Try and imagine your life without such small businesses to serve you. I’ll be you can’t. None of us can. Most days most of us spend our money in at least one small business, some Main Street enterprise, and that dollar supports your neighbors and pays taxes and employs someone in your family and, in the deepest sense, makes up the fabric of what it means to call a place home. The doughnut store on the corner you visit each morning for a hot breakfast sandwich. The antique place downtown you can’t pass by without walking in and poking around. The auto repair shop that is honest and fair and dependable.

Small businesses make our tummies happy and expand our minds and clean our clothes and fix the car and groom the dog and do our taxes and … well, there is really almost nothing a small business, these local fixtures, cannot do.

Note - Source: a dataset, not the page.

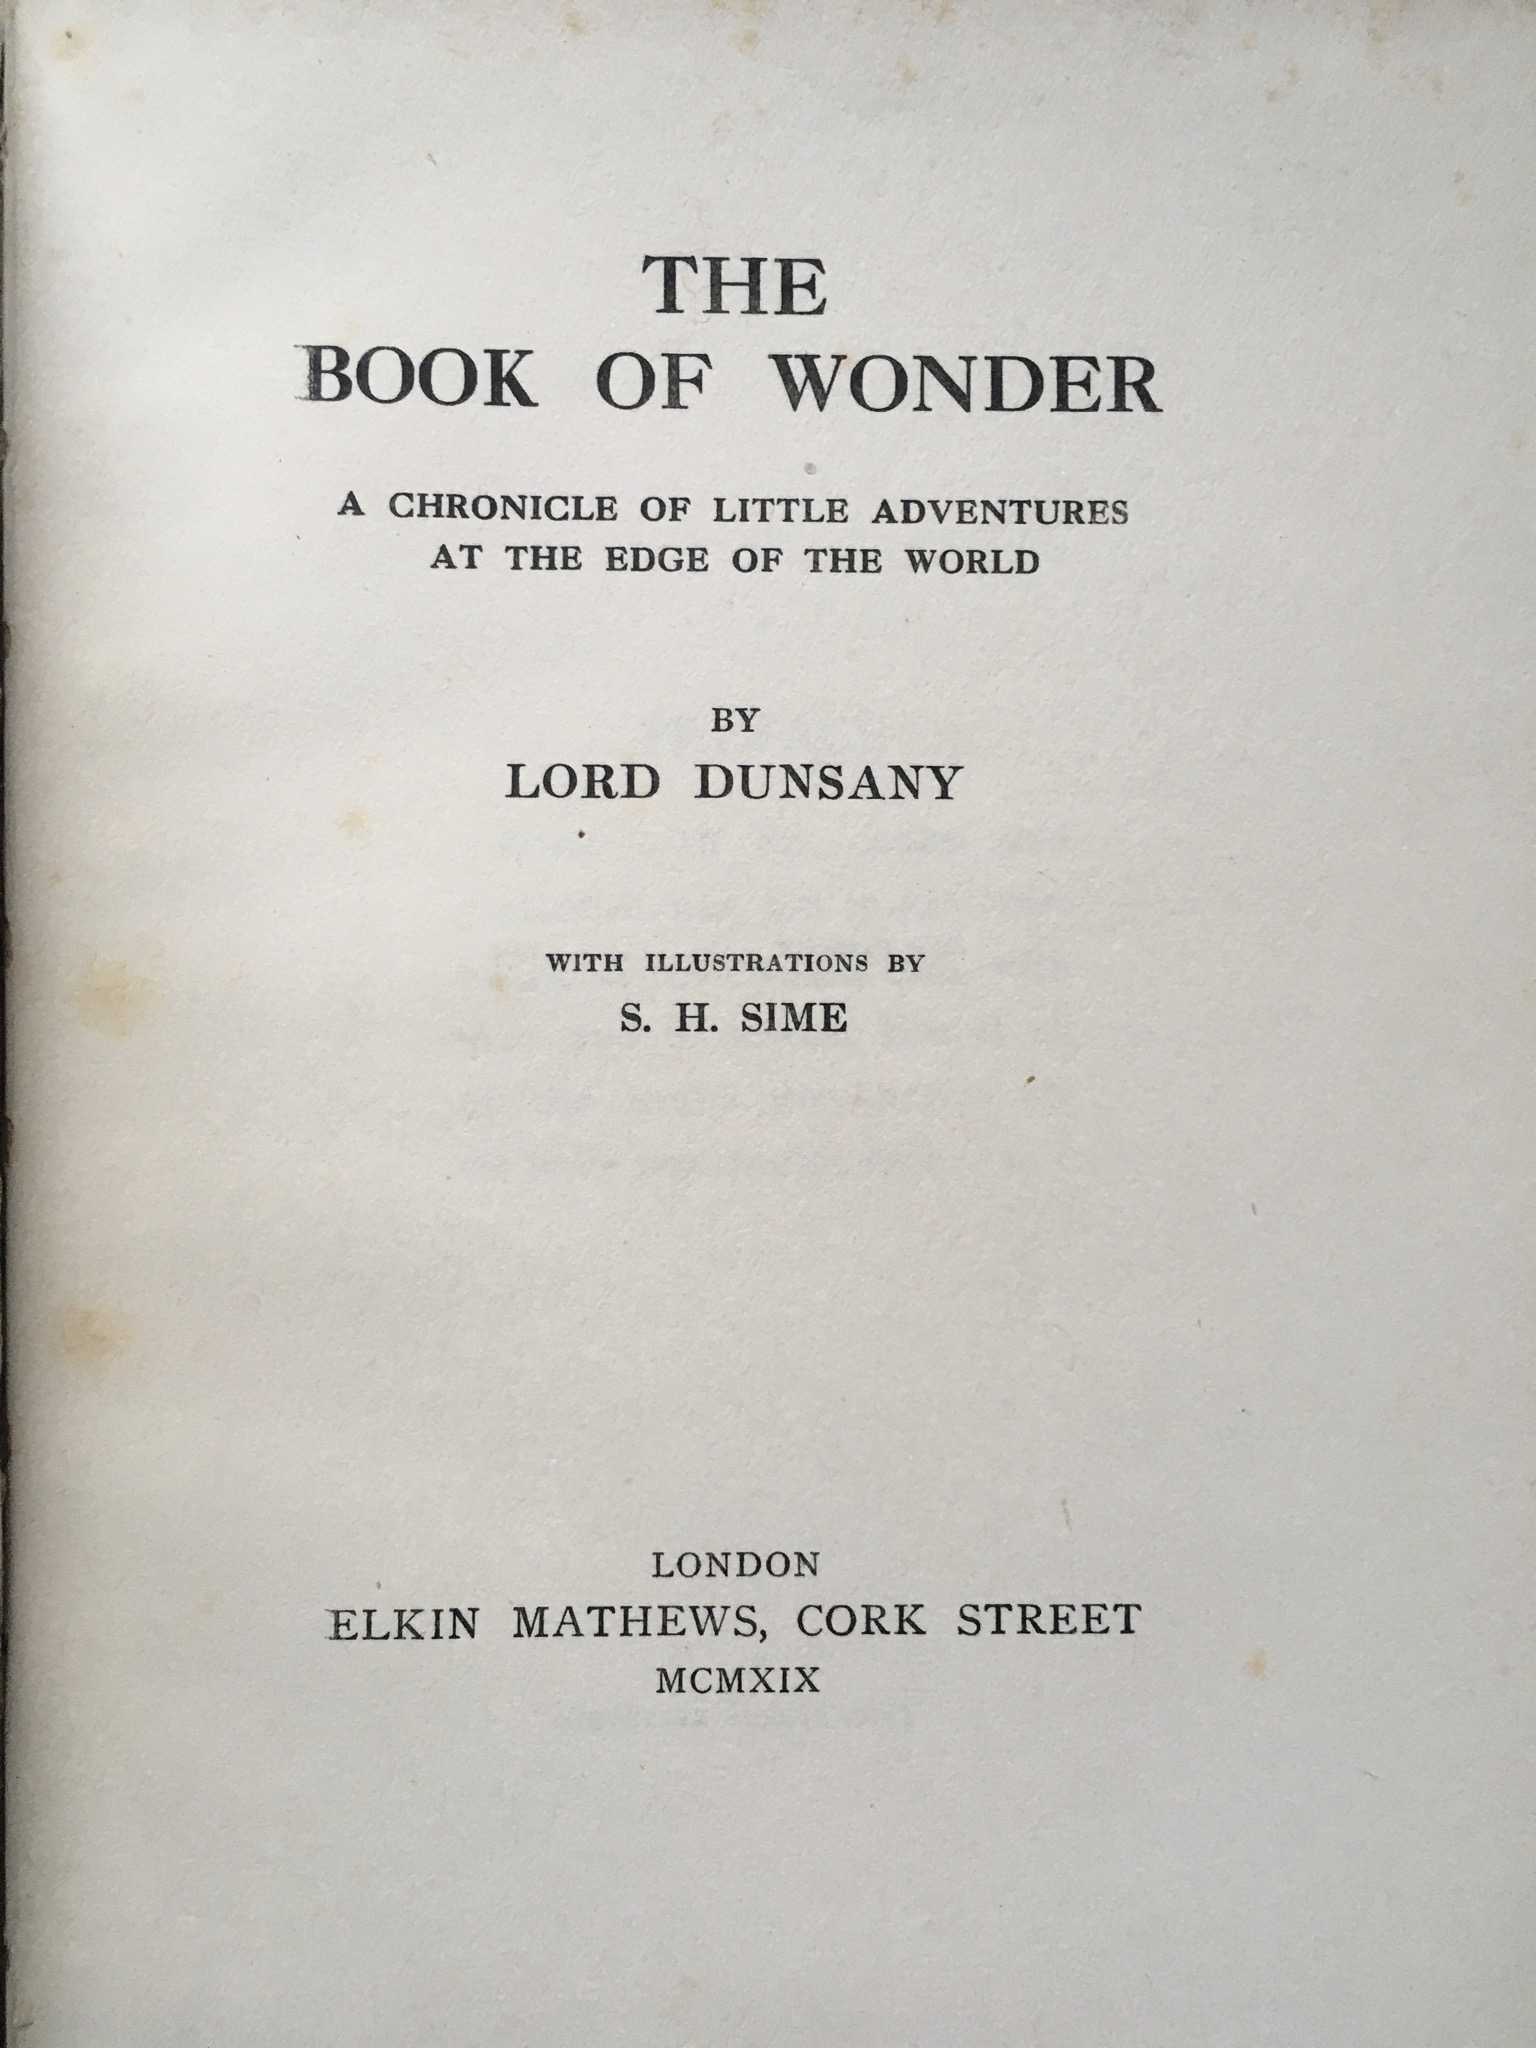 The Book of Wonder by Lord Dunsany Signed

Small businesses, though marked by that moniker “small,” are anything but small when it comes to the national, state and local economies. There are 30.7 million small businesses in the United States, employing almost 60 million people, nearly half of all the jobs in our country. Before COVID hit and the economy collapsed, small businesses created almost 2 million new jobs a year. But now — perhaps more so than any other time since the Great Depression, many small businesses are in trouble and struggling to survive.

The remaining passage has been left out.